Today, I think I worked out what it was. I was hit by the realisation that recently I have been writing about issues that ask all of us to decide what we value, and yet, I have not on all of these issues, decided what my definition of justice and fairness is. It can be difficult to confess to an audience of unknown people exactly where one stands on a potentially divisive issue (such as social care) and I’m still not quite brave enough to lay it all bare, particularly as I’m not convinced that my particular values are that relevant to the wider world right. Perhaps that’s not quite right: my views may be relevant, but perhaps they are not needed. And yet saying that feels like an act of cowardice - a piece of intellectual chicanery to absolve myself of the responsibility of actually telling you what I really think about something. But that, for now, is my own personal demon.

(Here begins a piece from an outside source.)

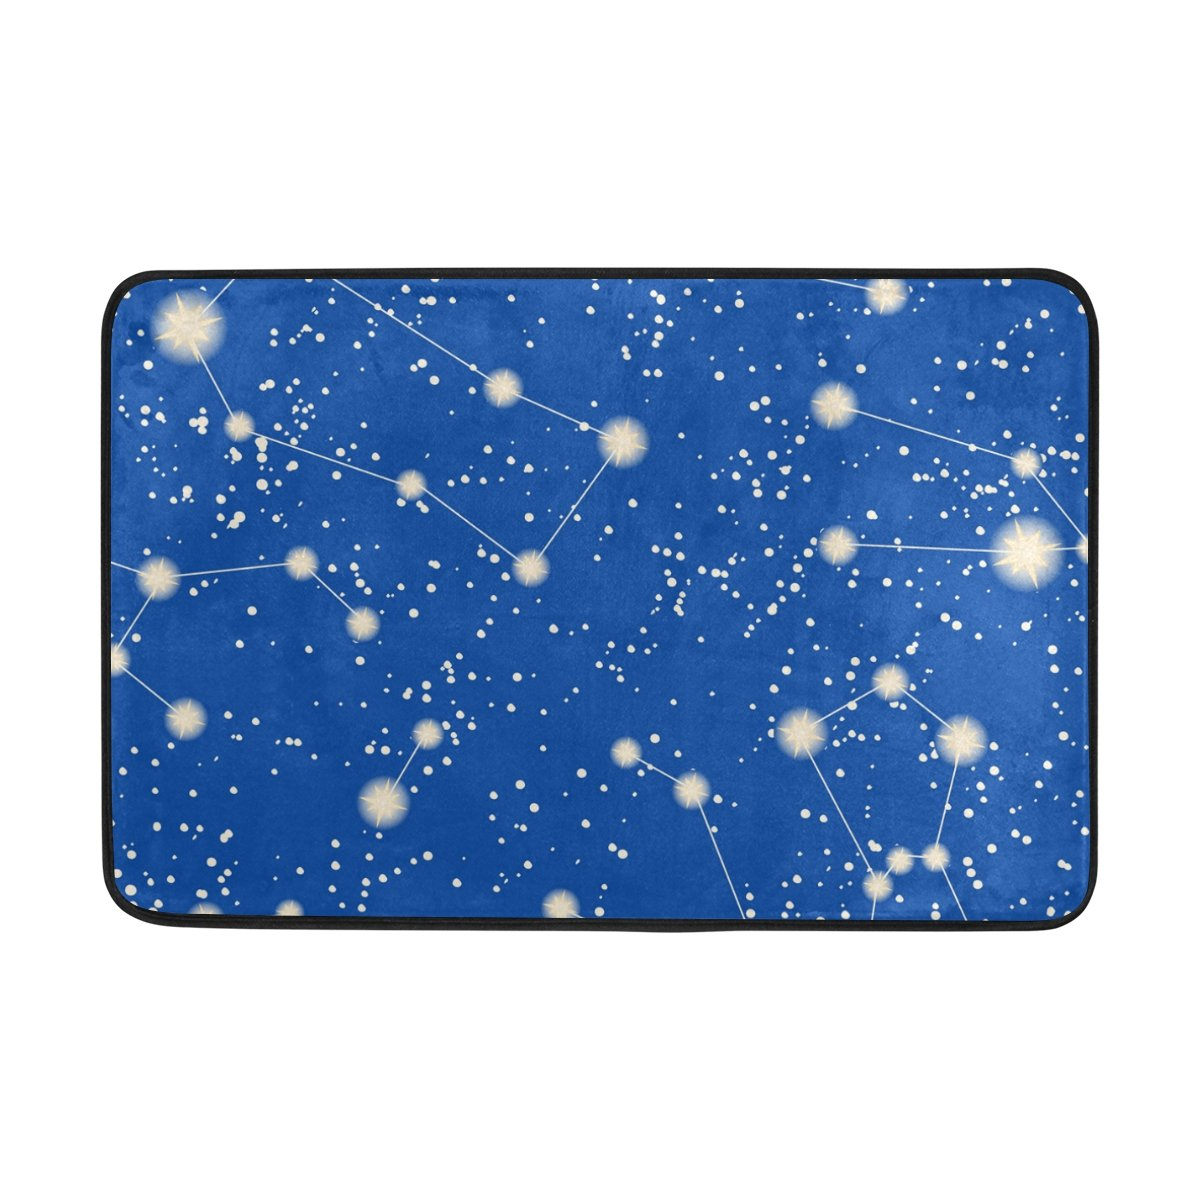 60/x 40/cm f/ür den t/äglichen Gebrauch mit 12/Haken wasserdicht Anti-Rutsch-bathro JSTEL Muster mit Sternen und Sternbilder 3-teilig Badezimmer Set waschbar

A good friend of mine recently asked me to be Godfather to his daughter (is it Godfather or godfather?). There are perhaps two areas for discussion that this could lead us to. Firstly, we could debate the wisdom of my friend and his wife asking a committed atheist to be a godfather, but that is a relatively short discussion, as I clearly was not chosen for my belief system. Instead they have paid me the complement of suggesting that I might be a good moral rudder for their daughter as she grows up. Knowing her parents well, I am pretty sure that there will be very little steering for me to do, but this situation raised for me an important issue on what it means to have values, and to be consistent in one’s thoughts and judgements about others. And this I think is the issue worthy of discussion.

At dinner last night, another friend was talking about ‘Religion for Atheists’, by Alain de Botton, which he has been reading (and enjoying) recently. It is difficult to have a conversation about atheism, without Richard Dawkins, the great enforcer, rearing his head. My friend and I have both been turned away from Dawkins by his humourless and critical approach to traditional religions, and the inevitability that such strongly phrased criticism has only lead to entrenched positions, and not any kind of friendly discourse on the basis of religious belief. The elephant in Richard’s room is that while organised religions do have strong beliefs underpinning them which he disagrees with, often  they are also defined by the social structure and values that they lend to their communities. They offer support, wisdom and community in a way that I imagine that many atheists long for. It is perhaps to Dawkin’s credit that his recent activity has been slightly softer, but much of the damage was already done.

Maturity in my case has been marked by a greater degree of moderation. Not long ago, I was a Dawkins disciple, (I still think the Blind Watch Maker is brilliant) and to some extent I relished the drawing of lines that the publication of ‘The God Delusion’ represented. I went to a debate at a church about the book, only to be disappointed (actually, I was outraged) that traditional debating rules had been abandoned, and instead of having one person argue in favour of a motion, and one against, they presented the religious argument why the central thesis of the God Delusion must be wrong, followed by the scientific reason why the God Delusion must be wrong. This second argument was spectacularly obtuse: I remember that the man presenting the ‘scientific’ case against the book closed with the following sentiment:

‘And remember that if you believe in evolution, and you have a friend who has a child, and that child dies, then, as an evolutionist, you would be unable to offer that friend any sympathy at all, because that child would have died from forces of nature. And put in evolutionist’s terms, that is simply the survival of the fittest.’

Sentiment like that upsets me: it is factually wrong, and it is unkind. But it represents the nature of the debate at the time. A great many atheists have offered more excoriating, unjust criticism of people with religious faith, so it cannot be surprising, when someone puts the boot on the other foot.

Values are important. And so is temperance. Particularly when talking about the big stuff. We are never all going to agree, but we do all have to live together in the same world.